#### Recorded information

----------

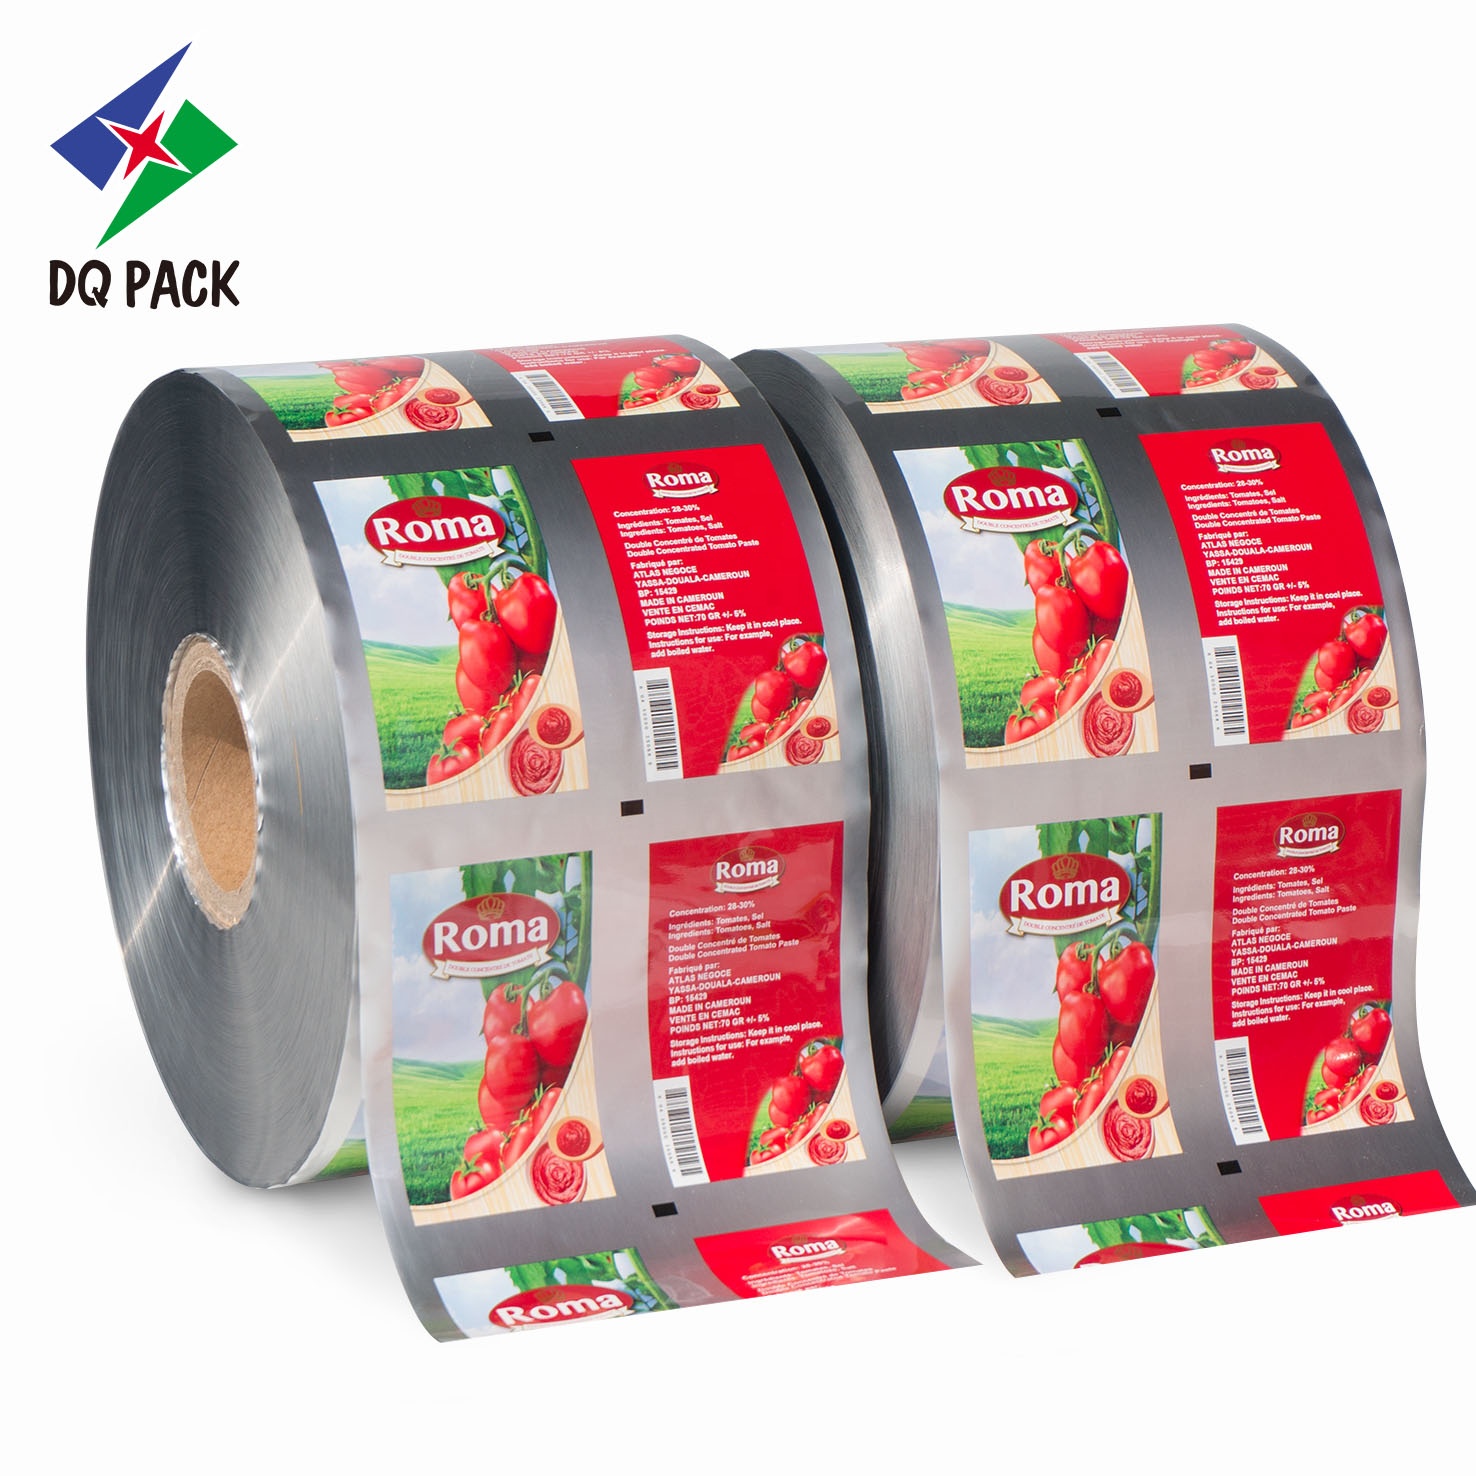 DQ PACK Hologram lamination plastic packaging roll film Manufacturer jumbo printed sachet film roll for tomato sauce
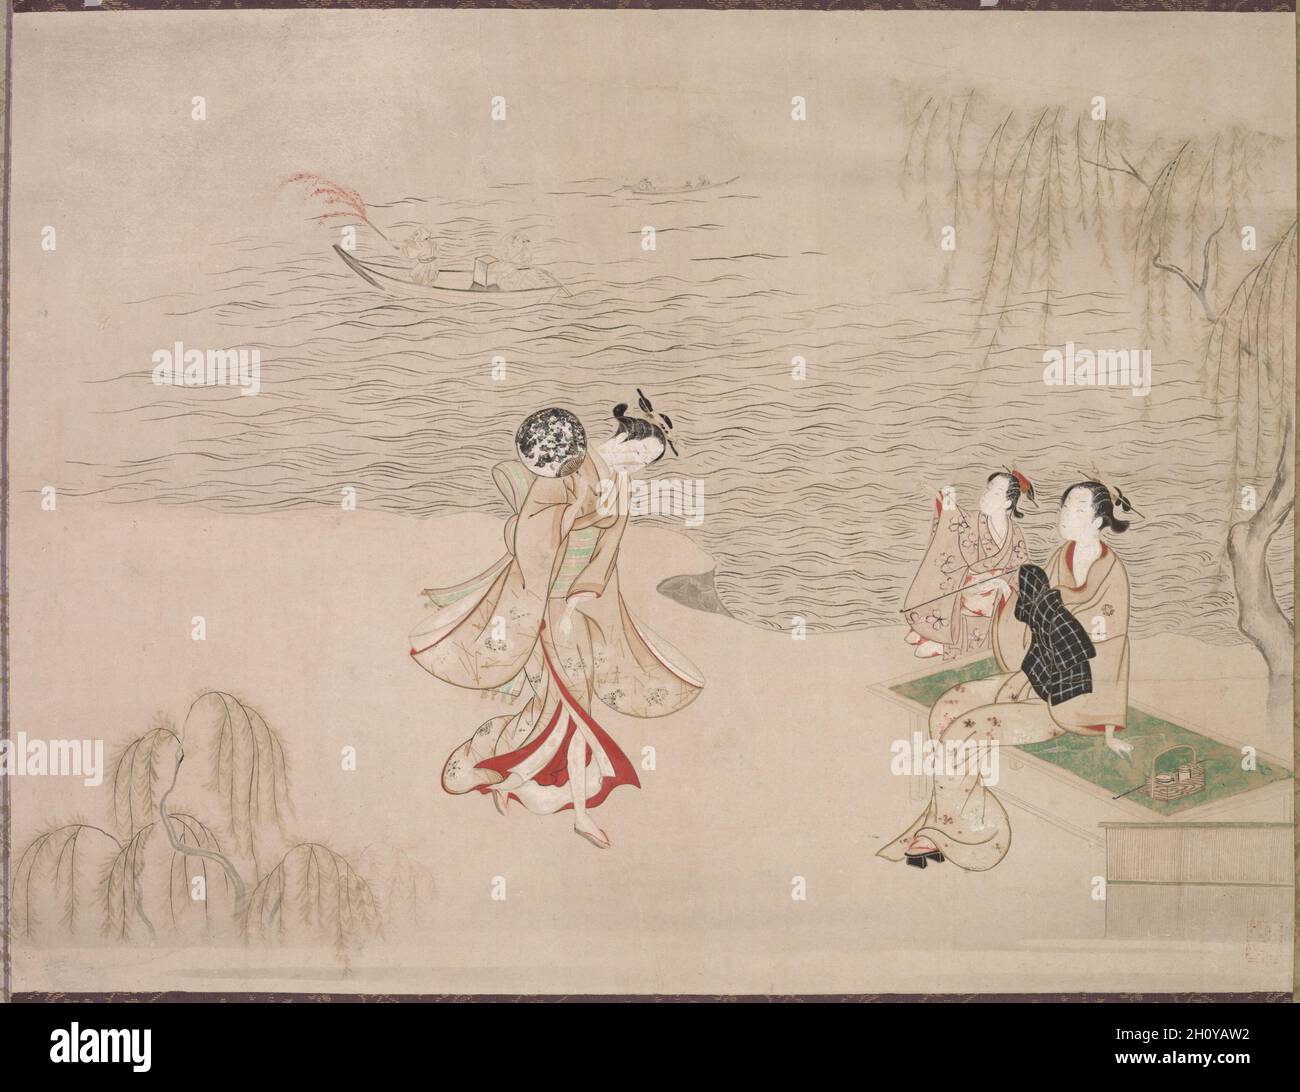 Beautés au bord de la mer, c.1765–92.Ippitsusai Bunchō (japonais, dates inconnues).Rouleau suspendu; encre et couleur sur papier; image: 41.3 x 54 cm (16 1/4 x 21 1/4 po.); hors tout: 134 x 72.8 cm (52 3/4 x 28 11/16 po.).Groupe ?décrit le sujet populaire de refroidissement par l'eau à la fin du printemps ou en début de soirée d'été, comme l'a suggéré le saule.La dame assise apprécie son tabac à pipe, un passe-temps populaire pour les femmes Edo.En arrière-plan, certains feux d'artifice sont mis à l'arrêt d'un petit bateau. Banque D'Images
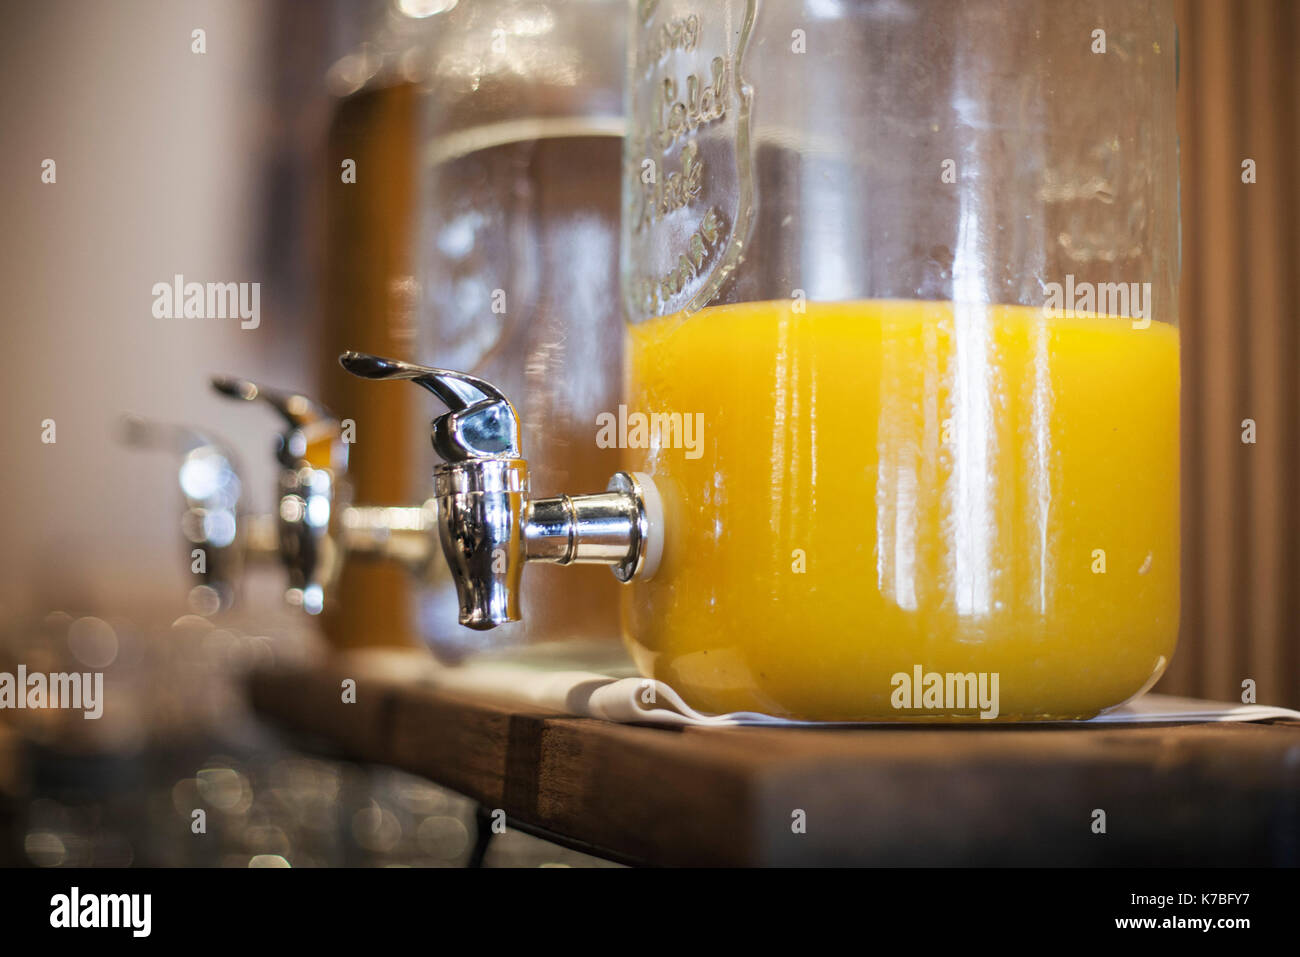 https://c8.alamy.com/comp/K7BFY7/orange-juice-in-glass-dispenser-K7BFY7.jpg

----------

#### Task statement
Retype the whole listing exactly. Do not include the pictures.

#### Expected answer
 DQ PACK Hologram lamination plastic packaging roll film Manufacturer jumbo printed sachet film roll for tomato sauce
 Beautés au bord de la mer, c.1765–92.Ippitsusai Bunchō (japonais, dates inconnues).Rouleau suspendu; encre et couleur sur papier; image: 41.3 x 54 cm (16 1/4 x 21 1/4 po.); hors tout: 134 x 72.8 cm (52 3/4 x 28 11/16 po.).Groupe ?décrit le sujet populaire de refroidissement par l'eau à la fin du printemps ou en début de soirée d'été, comme l'a suggéré le saule.La dame assise apprécie son tabac à pipe, un passe-temps populaire pour les femmes Edo.En arrière-plan, certains feux d'artifice sont mis à l'arrêt d'un petit bateau. Banque D'Images
 https://c8.alamy.com/comp/K7BFY7/orange-juice-in-glass-dispenser-K7BFY7.jpg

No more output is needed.